核心概念
Our method automatically generates a large, realistic dataset of dynamic objects under occlusions using freely available time-lapse imagery, enabling efficient training of object reconstruction methods that are robust to occlusions.
摘要
The paper introduces a novel framework for automatically generating a large, realistic dataset of dynamic objects under occlusions using freely available time-lapse imagery. The key insights are:
-
Leveraging off-the-shelf 2D (bounding box, segmentation, keypoint) and 3D (pose, shape) predictions as pseudo-groundtruth, unoccluded 3D objects are identified automatically and composited into the background in a clip-art style, ensuring realistic appearances and physically accurate occlusion configurations.
-
The resulting clip-art image with pseudo-groundtruth enables efficient training of object reconstruction methods that are robust to occlusions.

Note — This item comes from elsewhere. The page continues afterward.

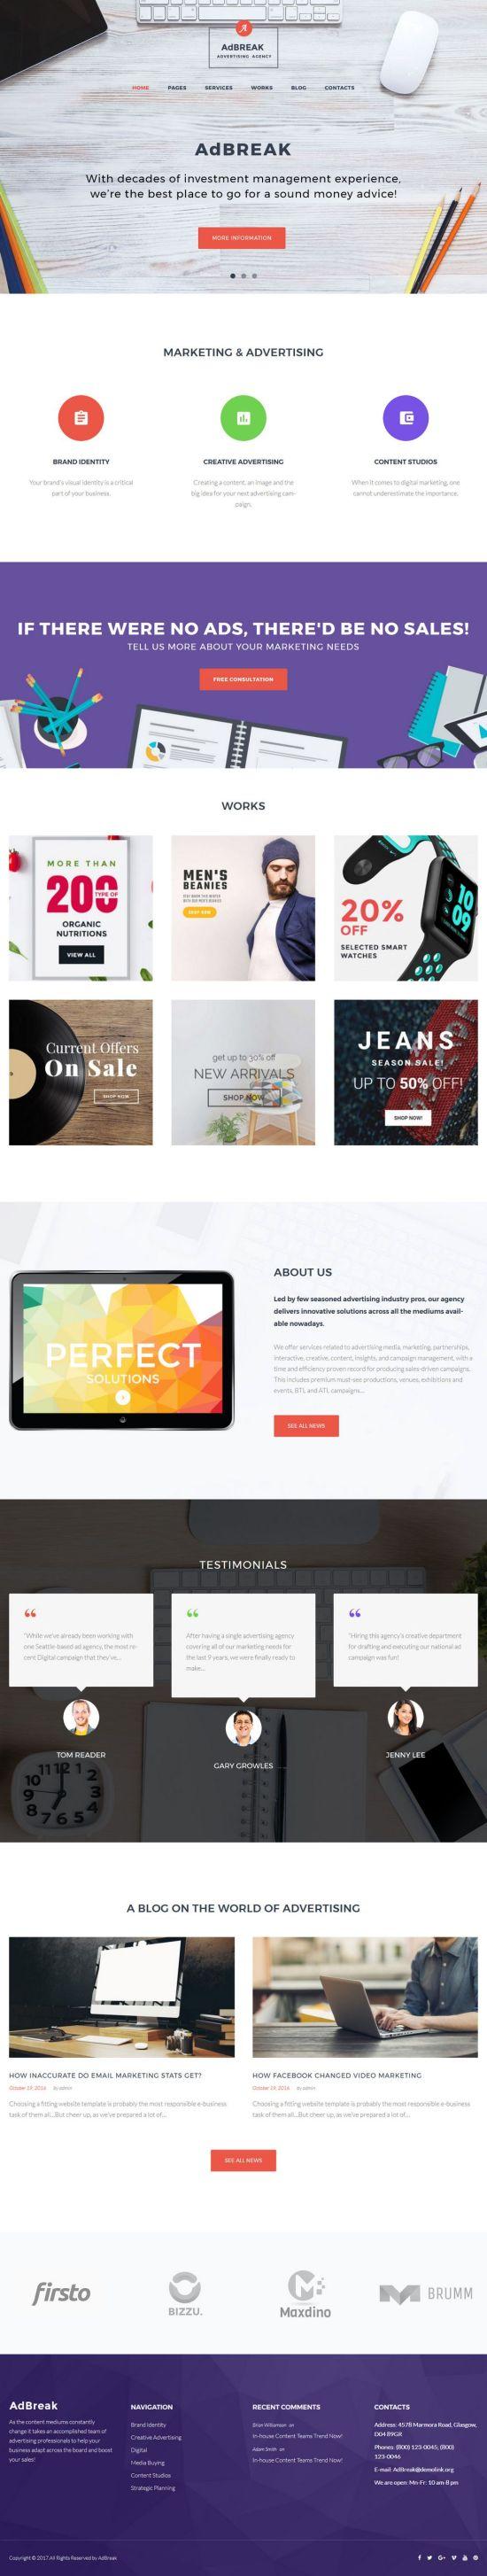 adbreak template monster wordpress theme 01 - AdBreak WordPress Theme

Experiments show significant improvements in both 2D and 3D reconstruction, particularly in scenarios with heavily occluded objects like vehicles and people in urban scenes.
-
The method does not require any human labeling and is easily scalable, serving as an effective approach to automatically generate realistic training data for reconstructing dynamic objects under occlusion.
统计
"Existing off-the-shelf methods demonstrate good accuracy in both 2D (segmentation, keypoints) and 3D (pose, shape) prediction tasks, especially on unoccluded objects."
"We start with the observation that, although not perfect, existing off-the-shelf methods demonstrate good accuracy in both 2D (segmentation [30], keypoints [64, 65]) and 3D (pose, shape [36, 52, 70]) prediction tasks, especially on unoccluded objects."
引用
"Expanding on WALT [59], we utilize time-lapse videos from stationary cameras to synthesize realistic occlusion scenarios by extracting unoccluded objects and composite them back into the background image at their original positions."
"Unlike WALT which focuses solely on compositing and learning 2D tasks, our approach extends to generating high-quality 3D pseudo-groundtruth data for robust 3D object reconstruction under occlusion."